As we at BitOoda monitor and assess both day-to-day regulatory developments and broader trends, we would like to highlight the continued broadening of industry engagement with regulators in the form of two potentially precedent-setting proposals recently submitted to the SEC. We have previously addressed regulators’ efforts to initiate dedicated public-private engagements and analyzed the SEC’s recent efforts to clarify some aspects of token classification.
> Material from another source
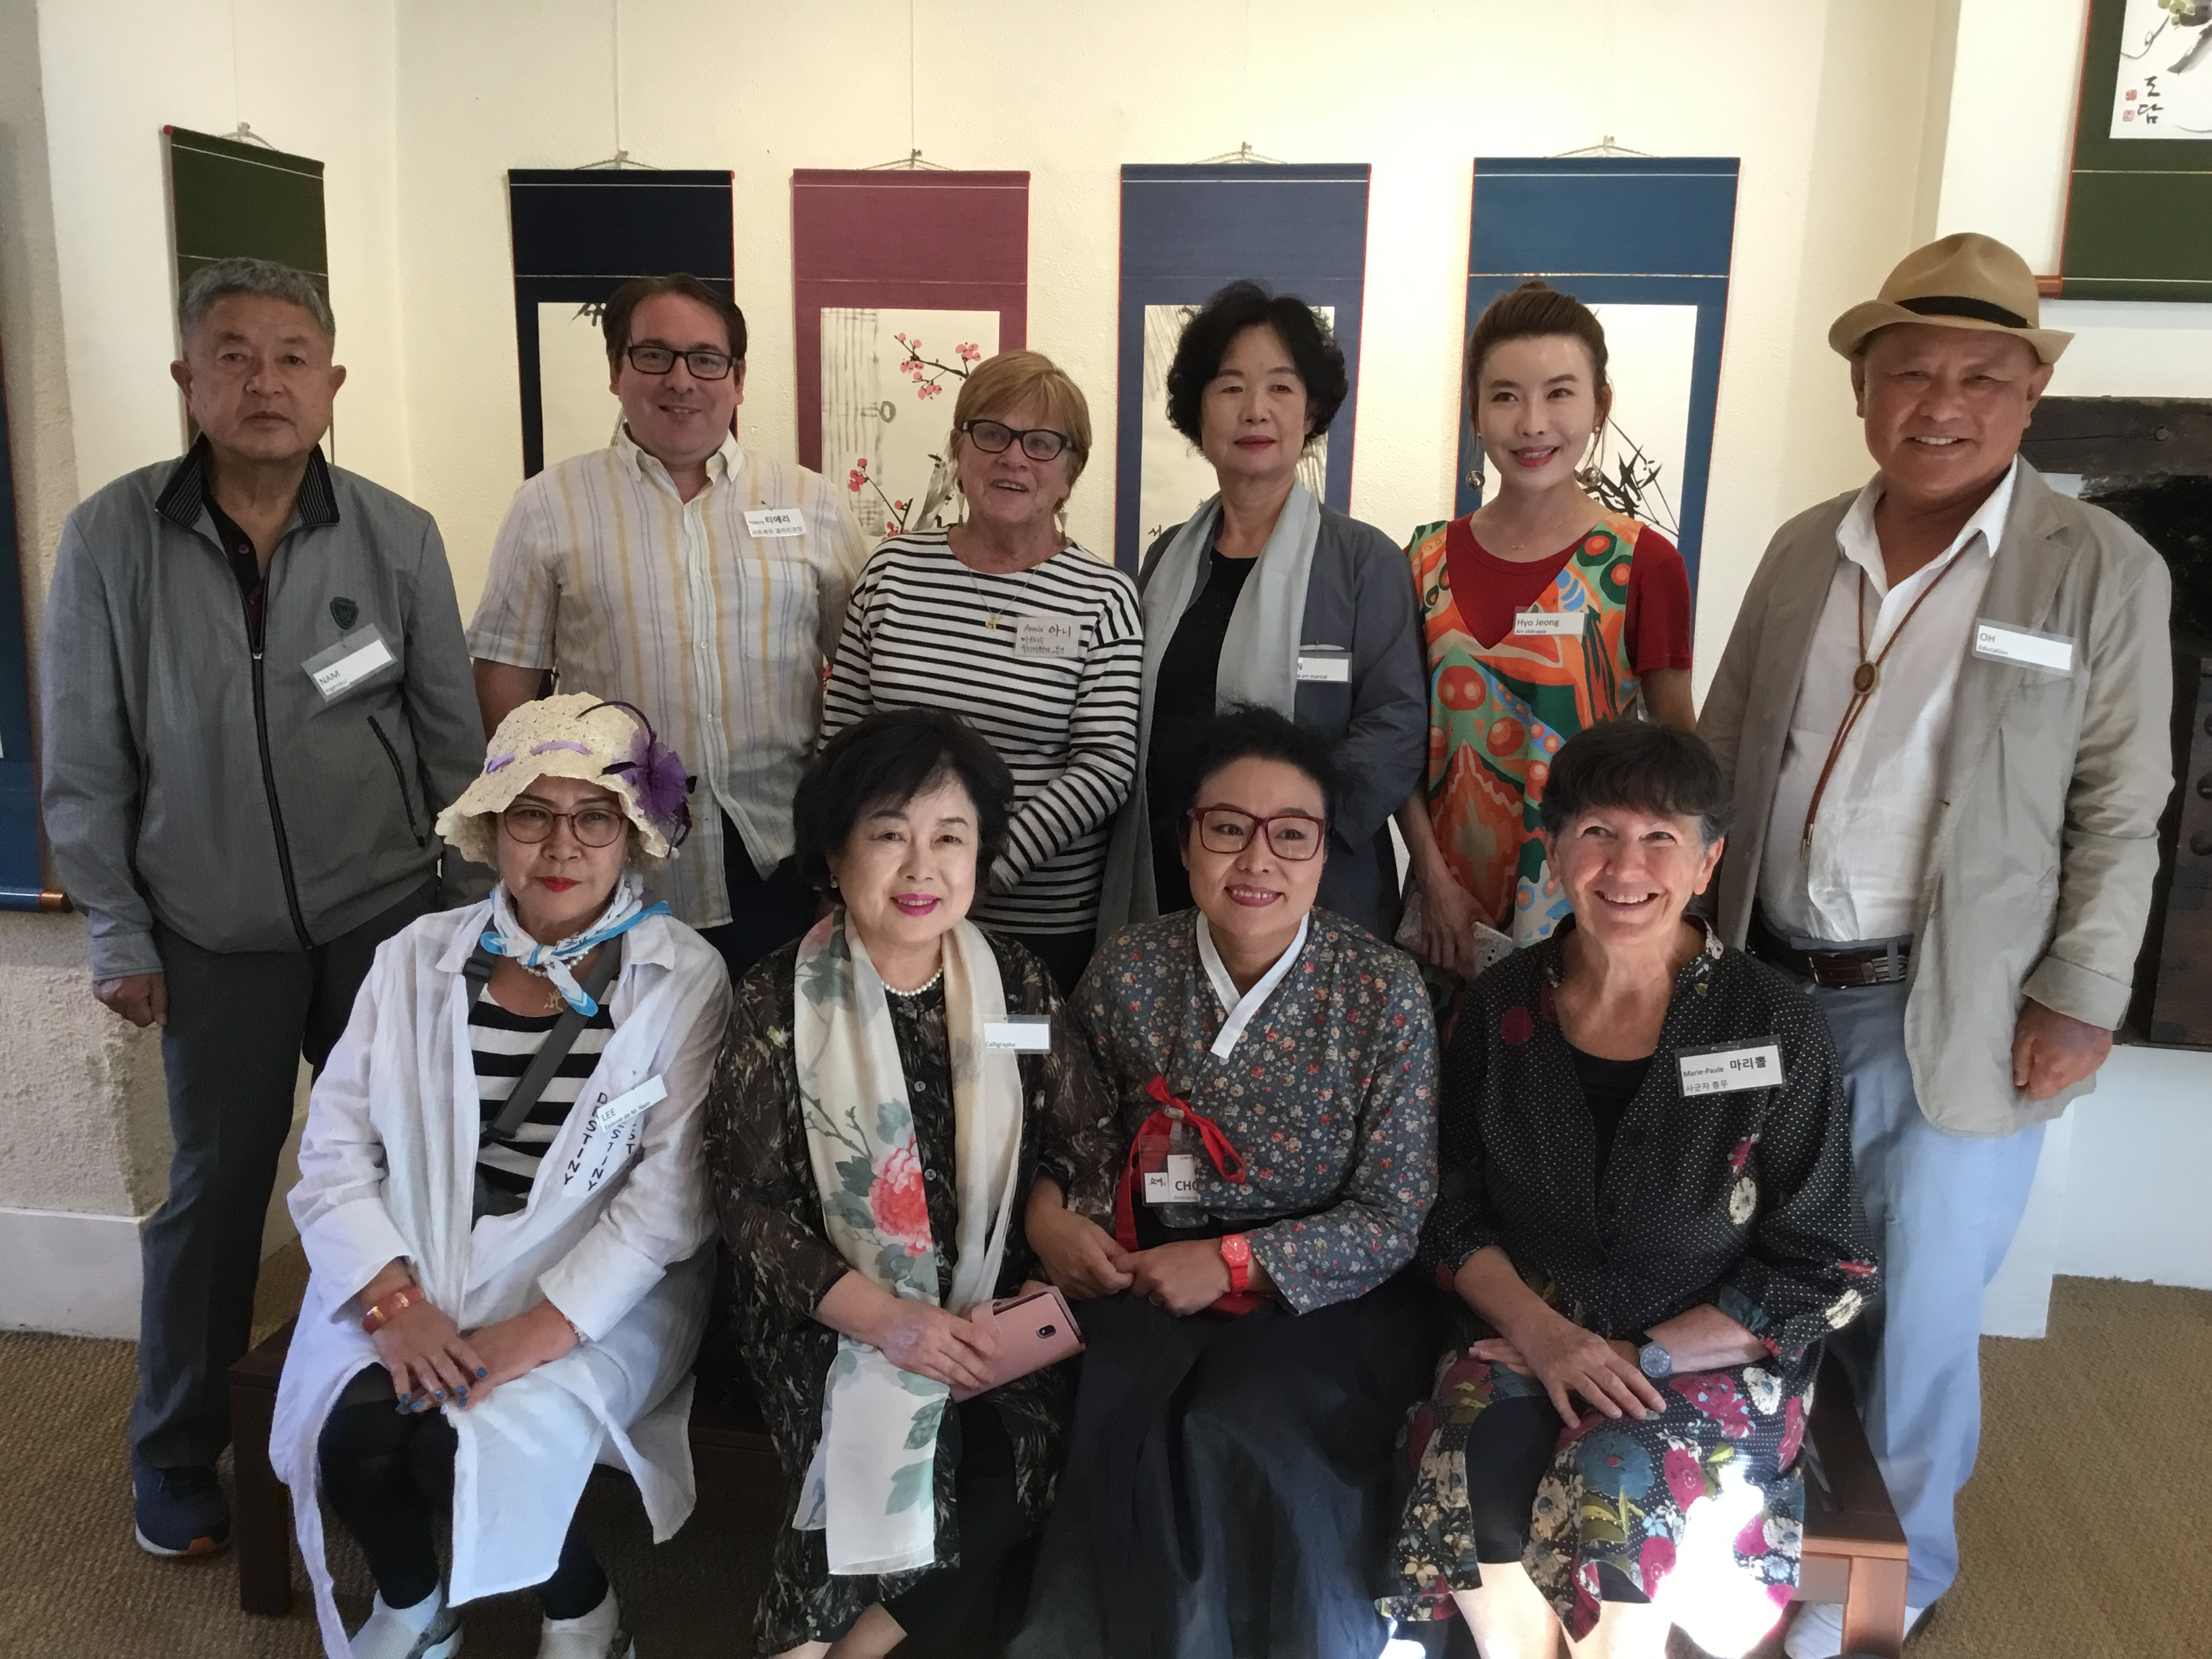 Rencontre à Nevers entre des Artistes Coréens – L'association Sagunja* d'Orleans & l'Atelier des Arts de Marseille

Now we note a pair of filings for two new and different types of crypto products, proposals that supplement SEC’s ongoing consideration of the first Bitcoin ETF. Arca, a Los Angeles-based digital asset manager, is seeking approval to sell a new type of stablecoin, filing a prospectus with the SEC for a bond fund with shares tokenized on the ethereum blockchain as “Arca UST Coins.” Additionally, New York-based blockchain developer Blockstack filed an offering statement to conduct a $50 million token offering using the Reg A+ framework; Blockstack claims that following SEC’s review of its preliminary offering circular, the Stacks Tokens offering would be the first SEC-qualified token offering of its kind.

We hope this signals a growing effort by industry players to “test the waters,” or alternatively to make a more concerted effort to “play by the rules” even as many of those rules remain unclear. Pegging a token to U.S. Treasury securities as a type of stablecoin, and utilizing the Regulation A+ exemption to expedite SEC review of a token offering represent new proposals that — regardless of whether they are approved — will add to the existing body of regulatory precedents, indicators, and decisions. The more regulators are “tested” with different types of proposals, the more insight we receive on how new applications and approaches will be handled and where the governance lines will be drawn.
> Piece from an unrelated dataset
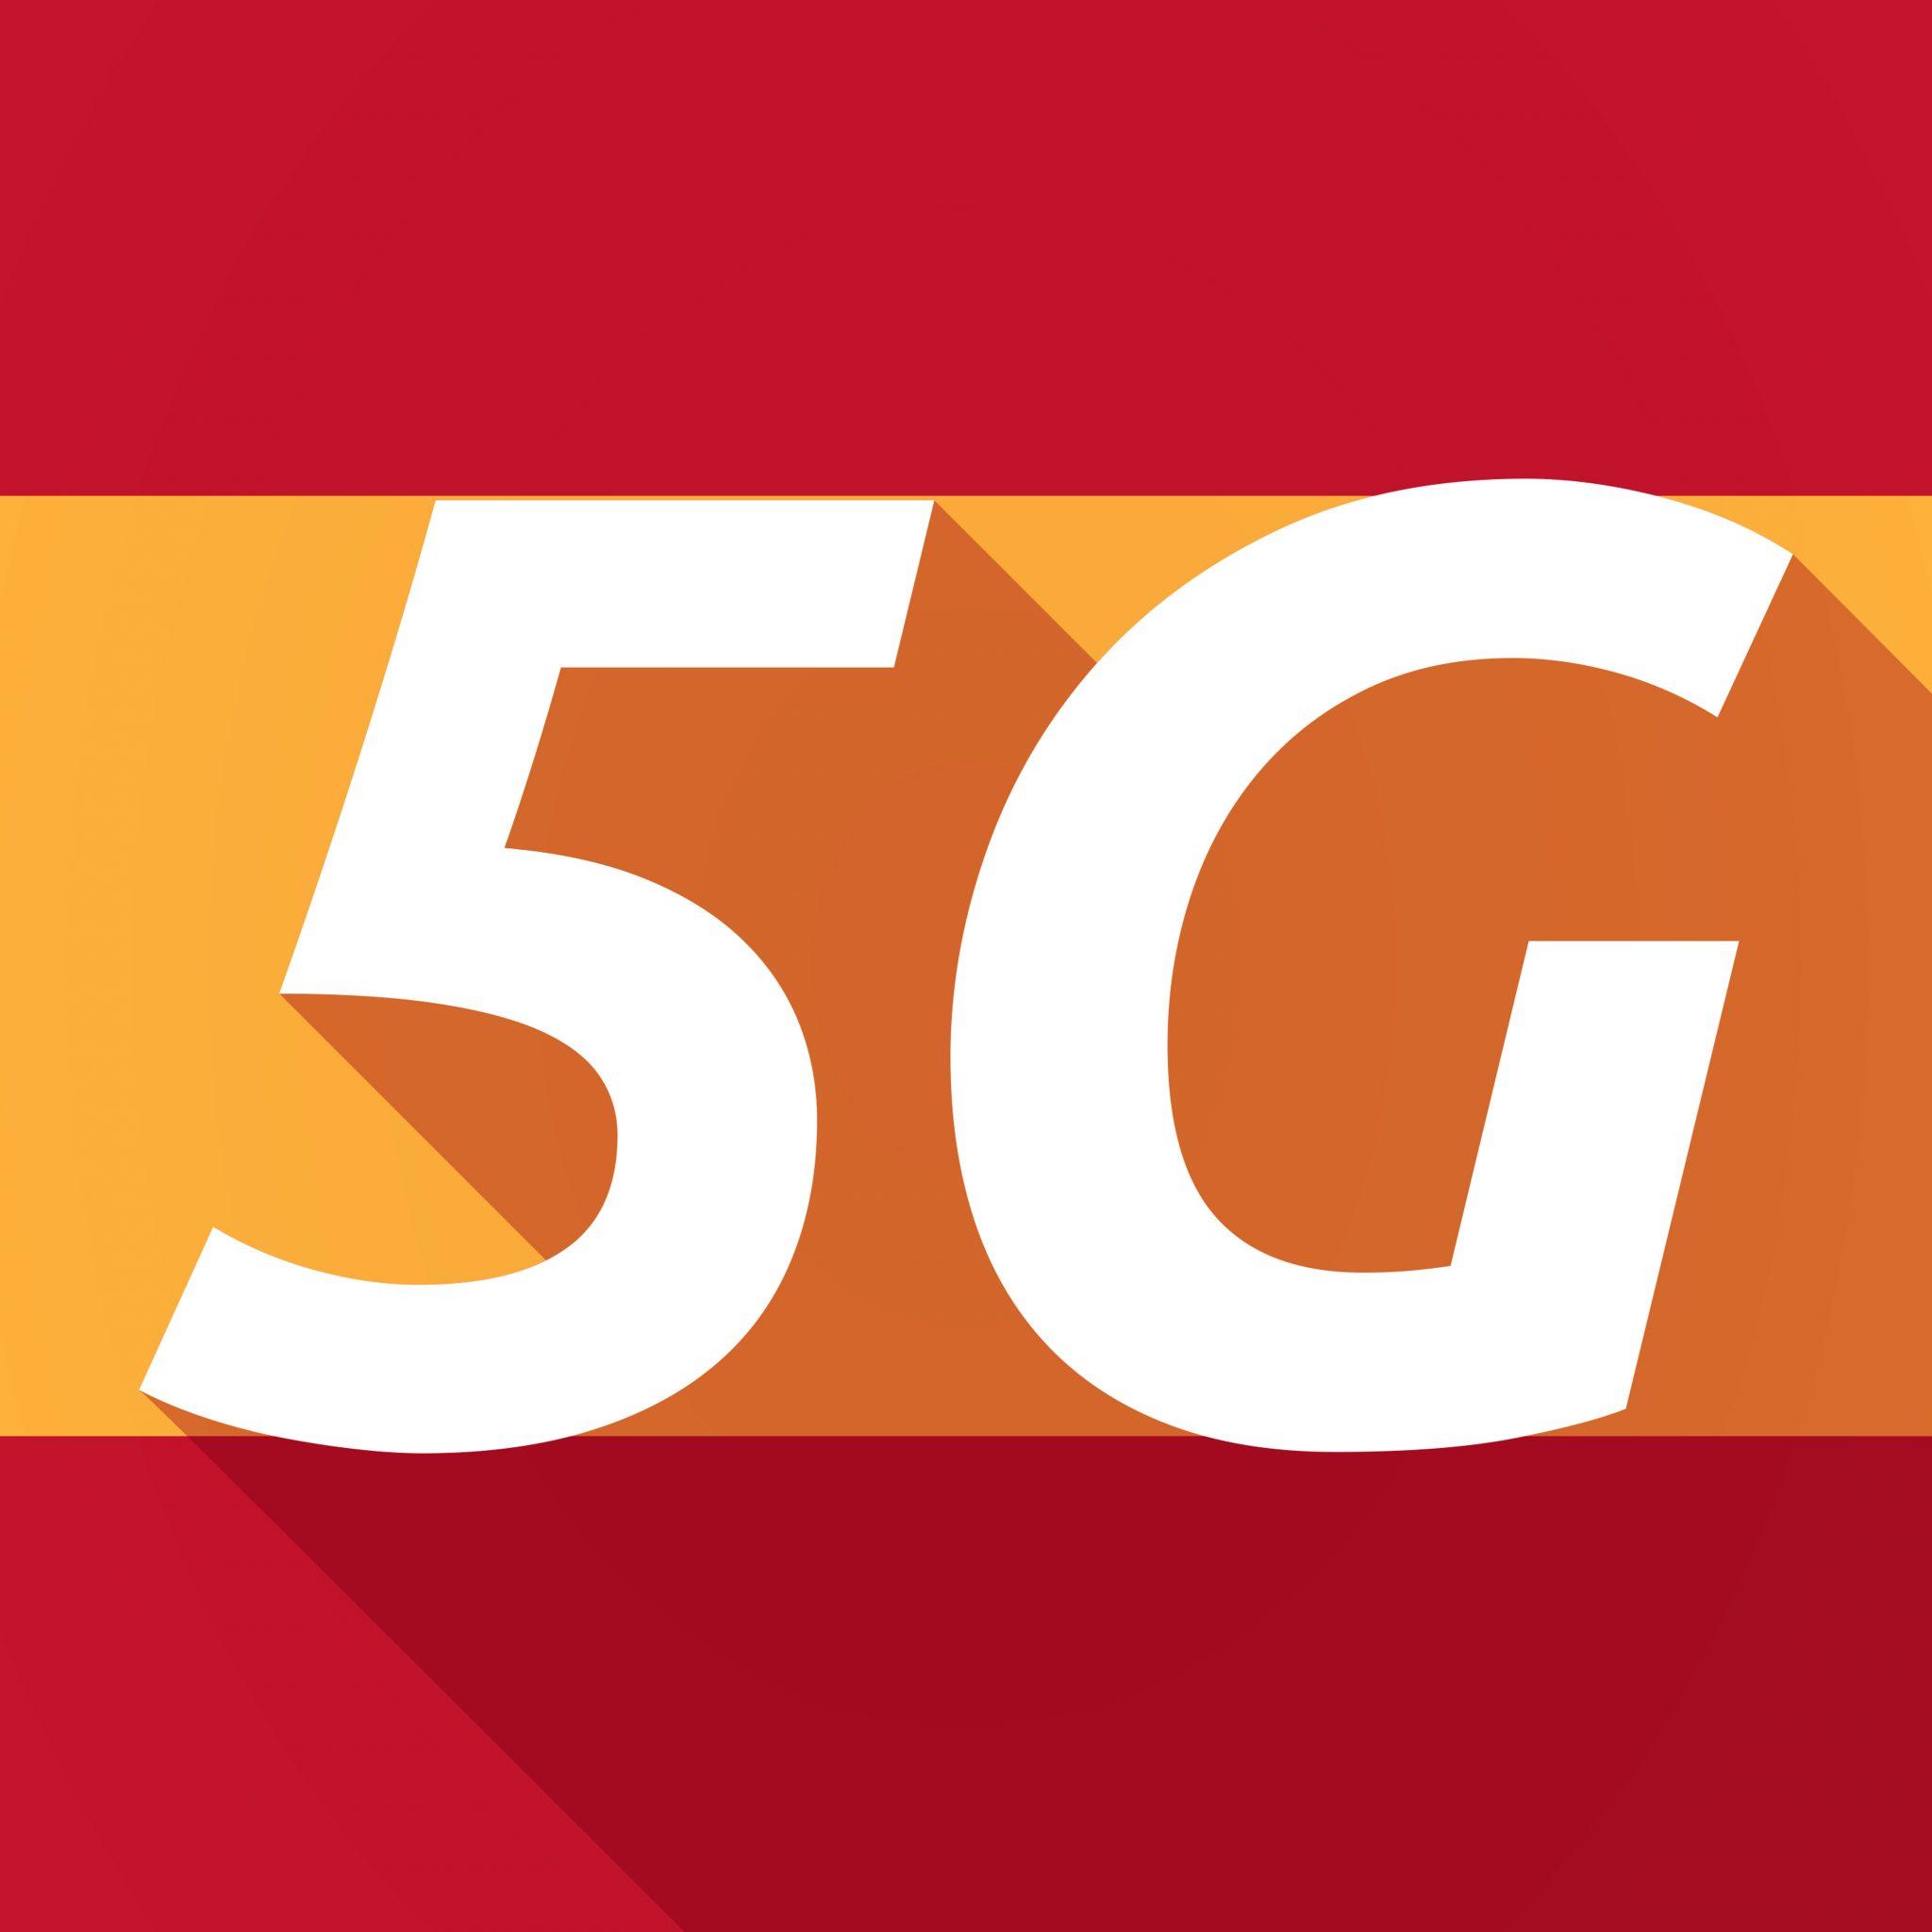 Spanish 5G spectrum auction raises $469 million after four rounds

If SEC’s continued deferral of the BTC ETF decision is any indication of how it plans to handle new types of crypto applications and filings, we could soon see its inability — or unwillingness — to quickly rule on these types of proposals. However, if it truly seeks to support U.S. innovation in this area and continue to issue clearer guidance, its response to these two filings ought to reflect that supportive approach.
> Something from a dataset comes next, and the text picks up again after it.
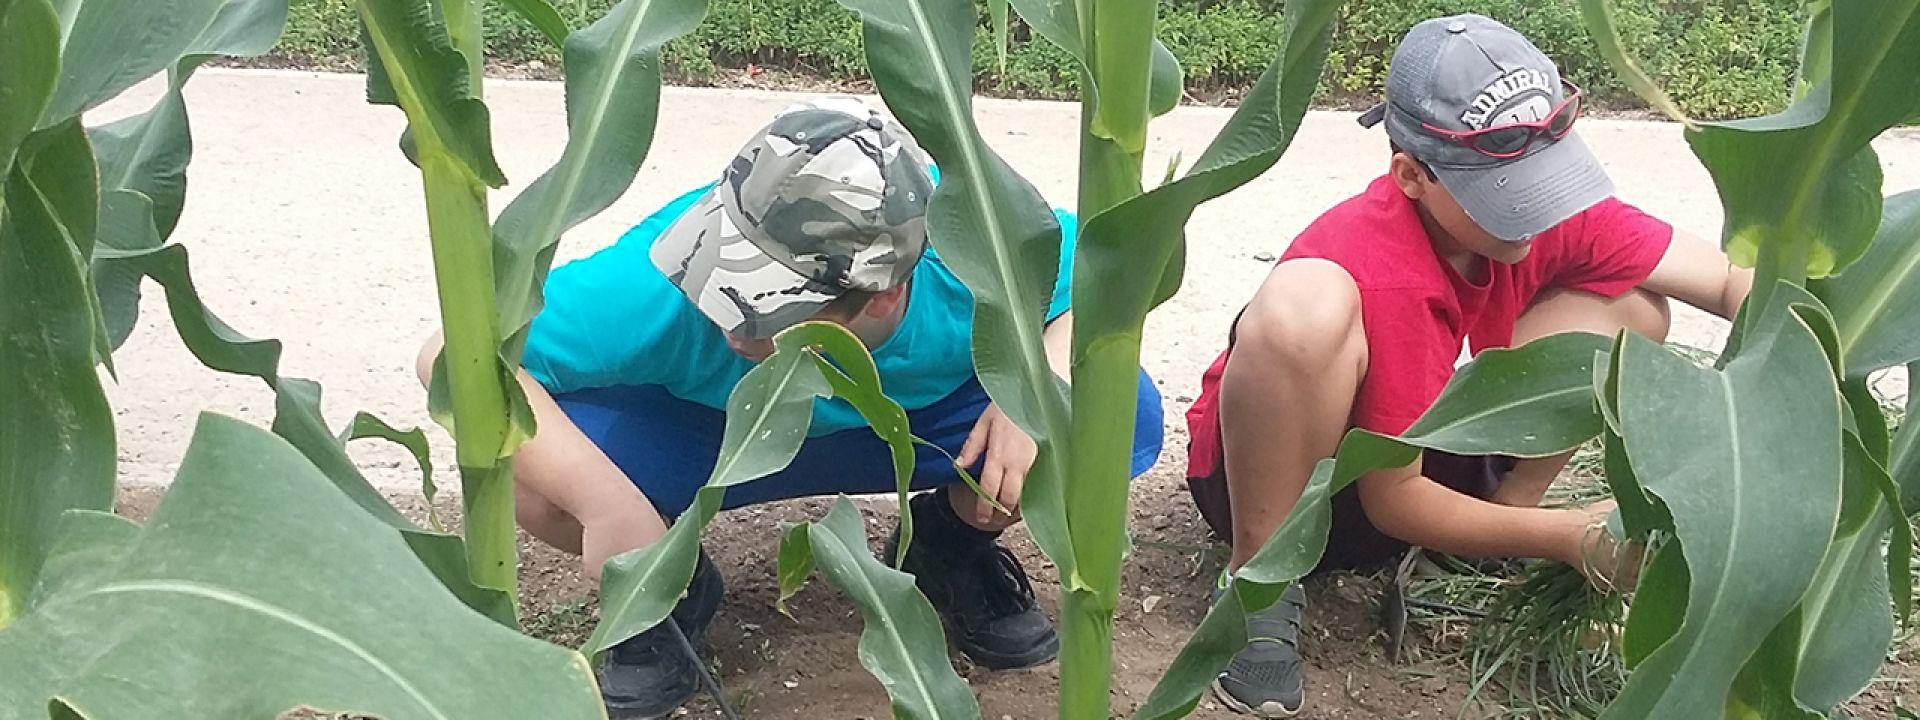 Φωτογραφία από παιδιά που εξερευνούν τα φυτά του Πάρκου Σταύρος Νιάρχος

Blockstack knows its Reg A+ filing could pave the way for others, stating “Recently, U.S. markets have been closed to crypto projects given regulatory uncertainty, and we believe in opening the U.S. markets to innovation in this area. … Following a regulated path and proactively working with the regulators was a decision we made with the understanding that it’ll require a lot of work and time. … This can potentially set a precedent for others in the industry.”

We welcome these new proposals, not just because of their potential to expand the overall digital asset ecosystem with new types of products, but also because of the two companies’ proactive and above-board regulatory engagement that will — regardless of the SEC’s decisions — benefit our collective understanding of the regulatory environment.